Using the pattern matching mechanisms of Janus one can detect configuration stemming out of the CMS that expresses some intent on automatic teaser placement within a page or an article:

  • related articles (belonging to the same category, topic, …​)

  • filling out an automatic teaser container on homepages, department pages, etc.

  • selecting the most important article to show at a certain position based on some criteria

Sitemaps

Janus provides out of the box sitemaps for each origin it supports. The base format, along with the Google News sitemaps extension are supported.

All sitemaps are always up to date and incrementally maintained.

The Janus REST API provides the correct formats and can be set up within minutes with a few simple redirects / routing rules.

RSS Feeds

Leveraging the standardized metadata around article teasers, we are able to provide an out of the box RSS rendering of every document via the REST API.

By requesting an the content type application/rss+xml for a document, one obtains an automatic RSS rendition of it.

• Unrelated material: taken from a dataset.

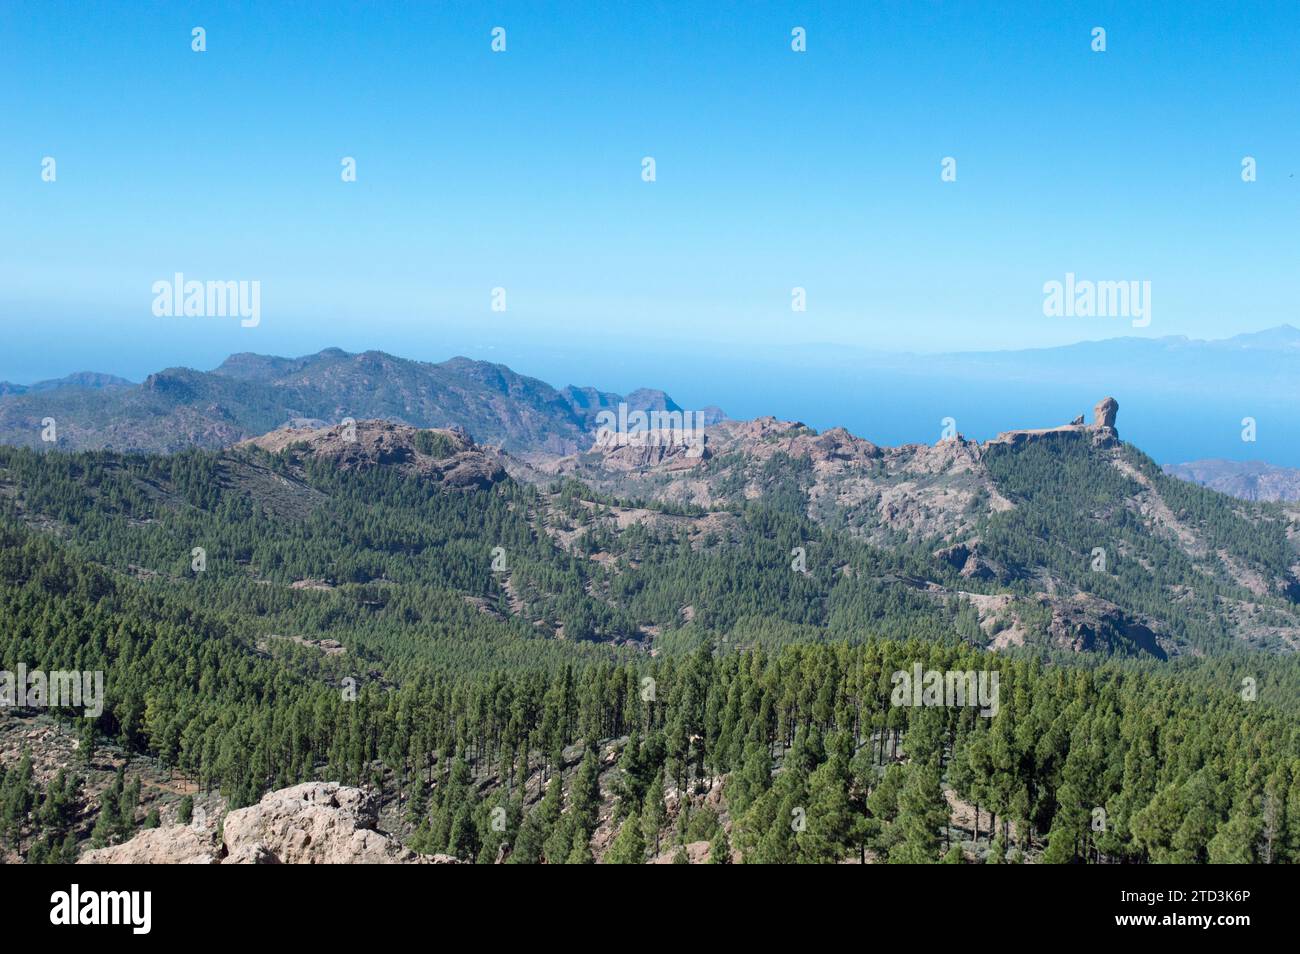 Vista desde el mirador del Pico de las Nieves Foto Stock

This is done by scanning the document for teasers, converting them into RSS format.

Thus it is very easy to include RSS links in pages and route these requests directly to Janus.

User Preferences

Janus includes an out of the box, high performance user preferences module that allows your site to implement:

Bookmarks

Via the REST API one can manage bookmarks for each individual user across devices and browsers.

Recently Read List

One can keep track of which articles a user has read, allowing for fine-grained communication of important changes of the article since the user had last read it.

Locale Configuration

You can manage locale configuration (user’s preferred towns, regions, etc) unlocking hyper local and personalized features.